Losing streaks get frustrating, especially at the professional level and when players are permitted to throw bats and sticks and we just think it’s funny..there’s something wrong with us. Check out Wally Backman here in a minor league game. (there is a lot of cursing here so be forewarned).

When I was a reporter I saw coaches and players with poor attitudes and guys who would just yell at people for no reason. Intimidation was always the role of the day for most of these guys.

It’s just wrong. At any level. Looking back I only remember one high school coach really yelling in a hateful way towards his players when I played high school sports. My soccer, baseball and especially my cross country coach were all extremely positive men and great role models…and sure they got mad at us once in awhile.

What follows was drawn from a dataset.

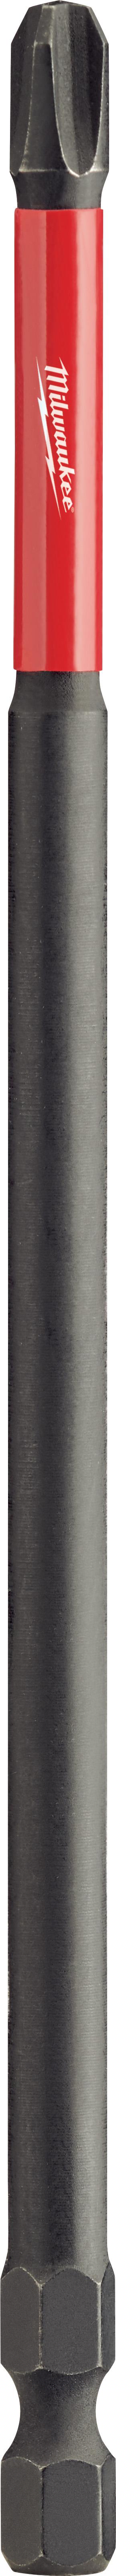 Milwaukee® 48-32-4208 Shockwave™ Impact Driver Bit, NO 3 Phillips® Point, 6 in OAL, 1/4 in, Custom Alloy76™ Steel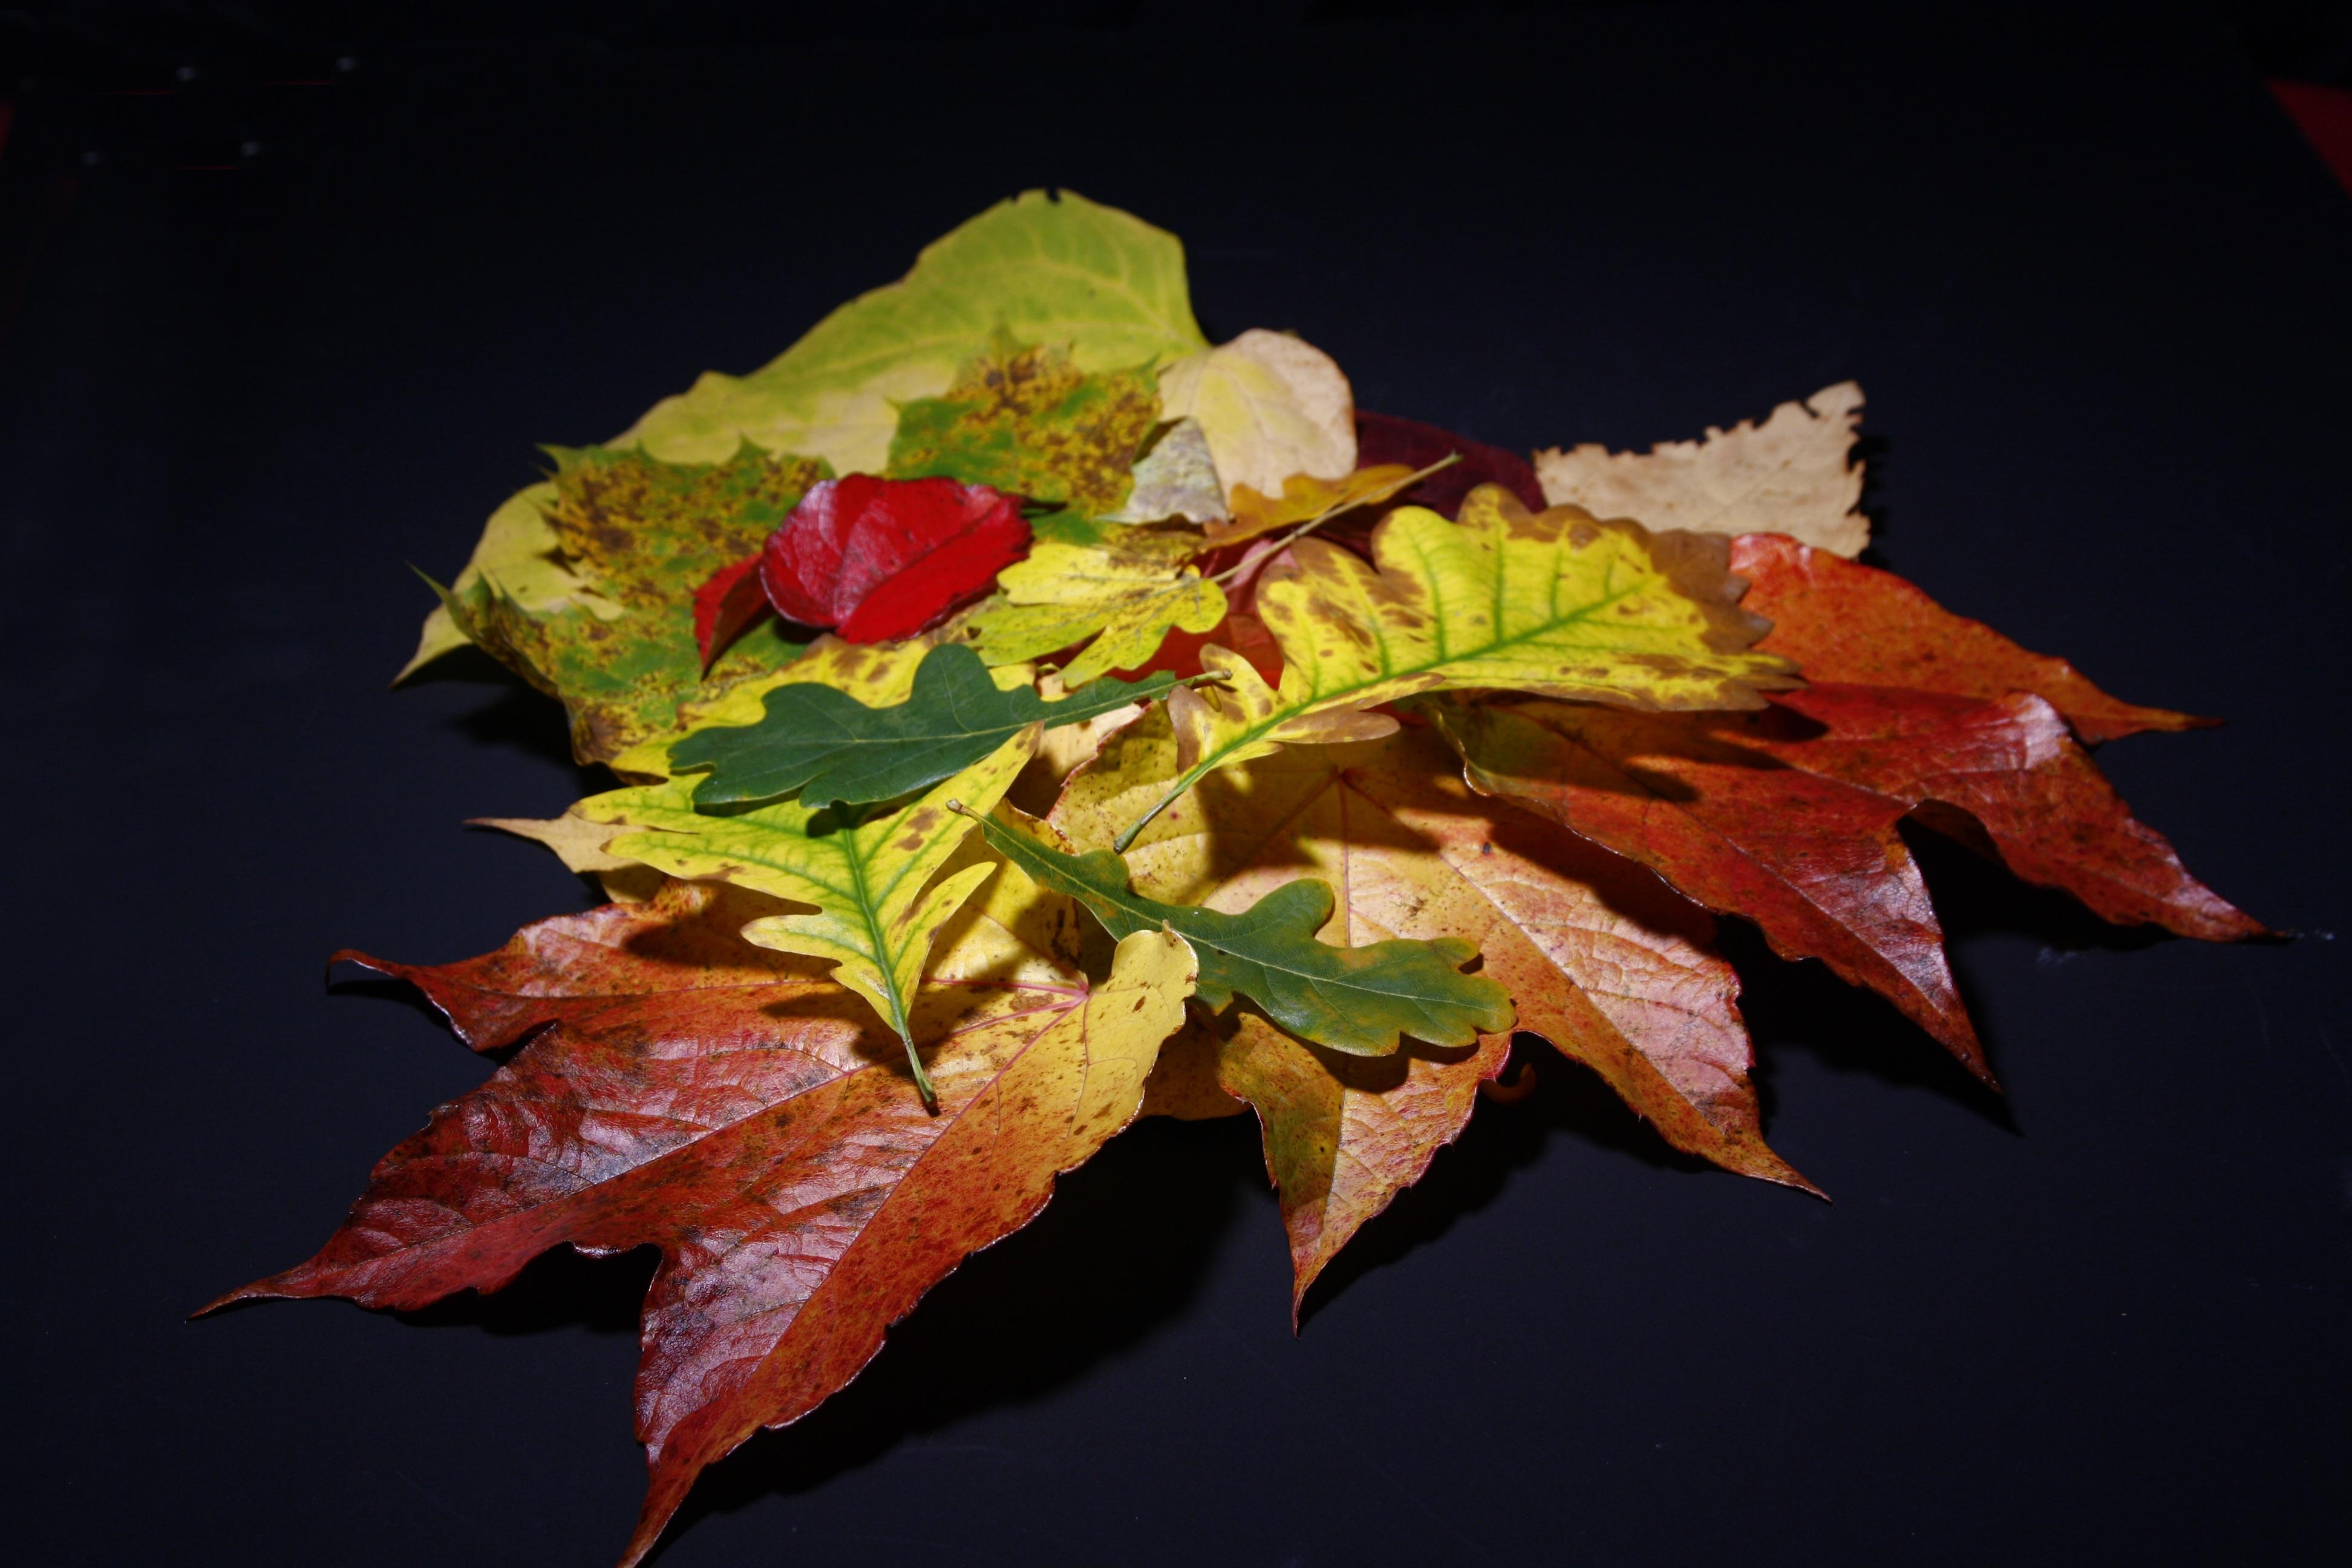 Kostenlose foto : Baum, Ast, Blatt, Blume, Blütenblatt, Grün, rot ...

Sure they yelled and were driven individuals and they would implore us to try our hardest and would groan when we made errors, or turned a ball over, or were dogging it out there.

But none of them ever threw a ball at me, pushed me or called me a horrible name.

Guys sometimes make fun of each other and call each other names in jest. And I know I’ve taken part in that at times, especially in my younger years. But men need to be mature enough to control their emotions and clearly Coach Rice is out of control.

That’s not acceptable.

A final word or two: If you are a coach and you are that out of control, how out of control will your players be? Tom Landry, the famed Dallas Cowboys coach was often emotionless on the sidelines and he seemed to get the best out of his players. Mike Krzyzewski of Duke always seems rather measured on the sidelines. Here’s the worst from him…and I think this is about the level of anger that can be tolerated.

Players often need a coach who can keep his head clear when everyone else is losing theirs. It’s called being a good manager. Sometimes you do need to fight for your players and to try to keep the ref or ump honest when they make a bad call and lobby for getting a call right when you can. But you more apt get a call when you reason with those guys than scream at them.

I played in a beer league softball team which we took very seriously. It was a very competitive “hardtop” league–meaning we played in a concrete schoolyard and it was not out of the question that one of us was going to slide to try to break up a double play. Most of the guys I played with were law students and for as smart as they were we couldn’t get some of them to stop arguing with the umpires. They’d accuse them of racism when they’d make a bad call. They scream at the top of their lungs at them. They’d question their calls when they didn’t know the rules themselves sometimes. I was forever running out on the field to break up a fight between a player and an umpire, mostly because the player didn’t know what they were talking about and the umpire made the right call. The umps would just laugh it off. But do you think that guy EVER gave that player a close call after that? If it was a close play he was out. If he was pitching and a pitch was just off the corner there was no way he was getting a call strike three. It does you no good to go ballistic.

Mature adults learn to motivate others and collaborate with others in a positive way. That includes coaches and players and anyone else involved in sports. Cooler heads need to prevail.

I’ll pray for Mike Rice today. And will hope that he learns to control his anger. But for today, I’ll also remain embarrassed for him and take some time to simply sit quietly in peace, knowing that centering myself is what we all need to stay calm in the face of frustrating moments.